JC – O clube-empresa também terá como objetivo formar atletas profissionais e obter receitas com a negociação dos direitos esportivos dos jogadores, além de permitir a exploração econômica de ativos, inclusive imobiliários. De que forma isso será possível? Que tipos de risco devem ser observados nessas negociações?
Caprara – A alienação, oneração, cessão ou qualquer disposição de bens e direitos (mobiliários e imobiliários), inclusive direitos de propriedade intelectual poderão abranger a reestruturação societária e empresarial do clube-empresa. Isso engloba, evidentemente, direitos econômicos sobre jogadores e também sobre a marca dos times de futebol. Isso se dá a partir desta “empresarialização” ou profissionalização do time de futebol, que passará a ser regido pelas regras gerais de direito empresarial do país. E, como tal, poderá recorrer a qualquer negócio jurídico permitido às demais empresas que exploram as mais diversas atividades empresariais. O clube será uma empresa stricto sensu. Eventuais riscos se encontram em qualquer tipo de negócio do nosso dia a dia. São inerentes à vida e, principalmente, à atividade empresarial. Para o sucesso da transformação é indispensável, como adiantei anteriormente, uma gestão extremamente profissionalizada e que encete segurança jurídica a todos os players envolvidos na profissionalização do futebol (clube-empresa, diretoria, gestores, jogadores, torcida, investidores etc.).
JC – De que forma os investidores são envolvidos no processo e quais cuidados devem observar?
Caprara – As cautelas gerais para qualquer tipo de operação de investimento. Uma governança corporativa forte, transparência, o atendimento de regras claras de compliance são exemplos de cuidados que os investidores poderão adotar antes de aportar recursos nas novas Sociedades Anônimas de Futebol.
JC – Os clubes deverão ter equipe especializada para tratar das mudanças? Qual o papel dos contadores e advogados no processo?

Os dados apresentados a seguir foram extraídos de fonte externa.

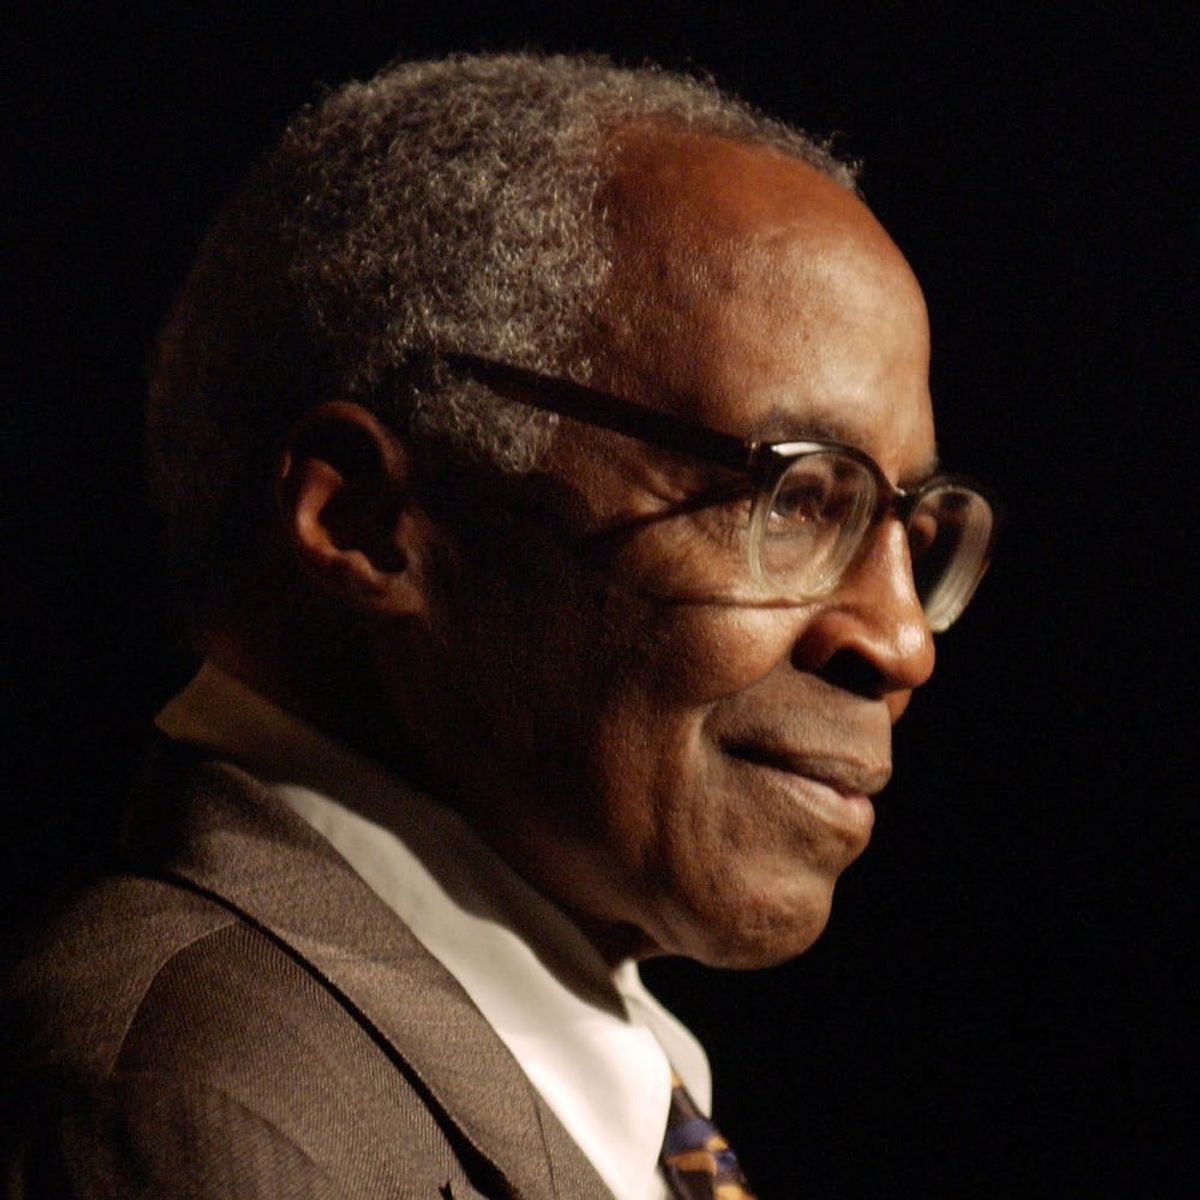 Robert Guillaume, “Benson” Star and Voice of Rafiki in “The Lion King,” Has Died
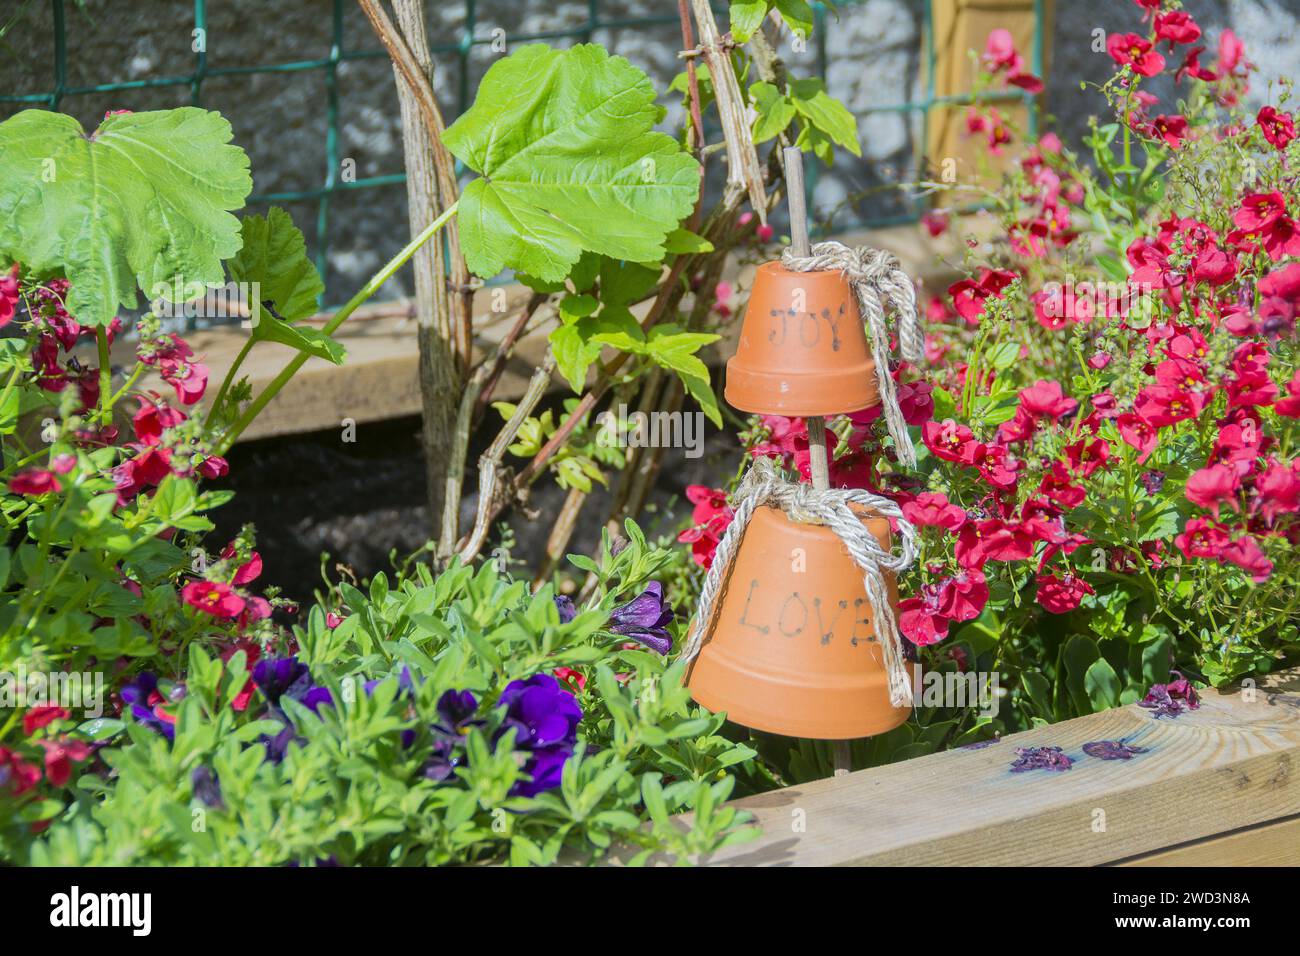 Window box with flowers including Twinspur. Flower pot with Joy and Love hanging on string. Stock Photo

Caprara – É fundamental. O sucesso de um processo de transformação societária (de instituição/associação sem fins lucrativos para uma Sociedade Anônima do Futebol – SAF) está intimamente atrelado à realização de um planejamento prévio bem definido. A partir do trabalho de consultorias e de profissionais especializados (advisers, advogados, contadores, economistas, administradores etc.), pode ser um fator preponderante para a mitigação dos riscos durante o procedimento de transformação.